Внешне она ничем от карцера областного СИЗО не отличалась. Только внутри не оказалось решетки во весь дверной проем. Зато сама дверь выглядела очень мощной. За сохранность личных вещей можно не переживать. Правда, температура воздуха оказалась вполне приемлемой. Непосредственно перед «новосельем» переодели в карцерную робу и штаны, которые имели почему-то всего по одной пуговице. Из своих вещей на Сергее осталась только майка. «Шконка» пристегнута к стене, до отбоя еще долго, и он начал «выписывать круги» по камере, стараясь успокоиться. В этот раз объявлять голодовку юрист не собирался. Штаны оказались великоваты, все-таки сшиты без примерки и не у Зайцева, они постоянно сваливались. Да в придачу плечо из-за наручников и неудобного положения рук начало болеть. Сказывался старый вывих плечевого сустава. По правилам внутреннего распорядка более двух часов в «браслетах» содержать сидельца нельзя. Однако, судя по привычному уже счету секунд, шел третий час, а снимать их никто не собирался.
Со стороны, наверное, выглядело смешно, но…нажимать на кнопку звонка пришлось носом.

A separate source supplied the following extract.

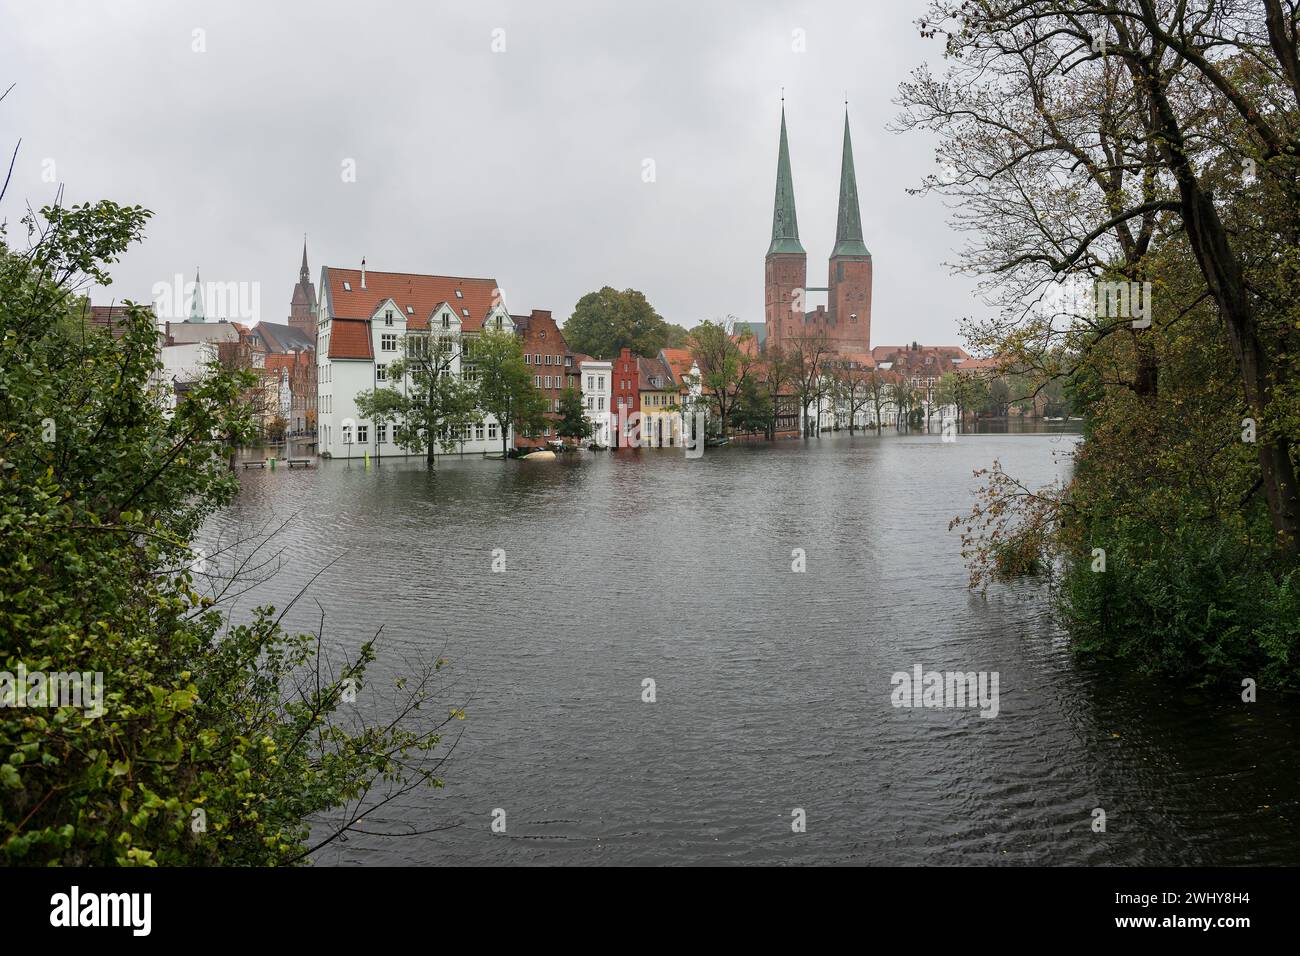 Hochwasserfluten in der Lübecker Altstadt überquert die Trave ihr Ufer, die historischen Häuser stehen im Wasser, r Stockfoto

Хорошо еще, что она находилась именно на этой высоте, а не выше. Открылся «кормяк» и дежуривший сотрудник спросил:
–Что надо?
– Снимите с меня наручники, пошел уже третий час, у меня болит плечо, – сказал Сергей.
– Перебьешься,– раздалось в ответ и «кормяк» закрылся.
«Не зря в тюрьме говорят – не верь, не бойся, не проси», – подумал юрист. Прошло еще больше часа. Опять носом Галкин вызвал дежурного, но на более настойчивое требование снять «браслеты», получил тот, же ответ. Он отсчитал еще шестьдесят минут и вызвал сотрудника в третий раз. Но просить уже не стал, а поставил ультиматум:
–Если сейчас же не снимешь наручники, вынесу дверь ногой.
– Валяй, – спокойно ответил «попкарь», так зэки зовут между собой всех сотрудников СИЗО.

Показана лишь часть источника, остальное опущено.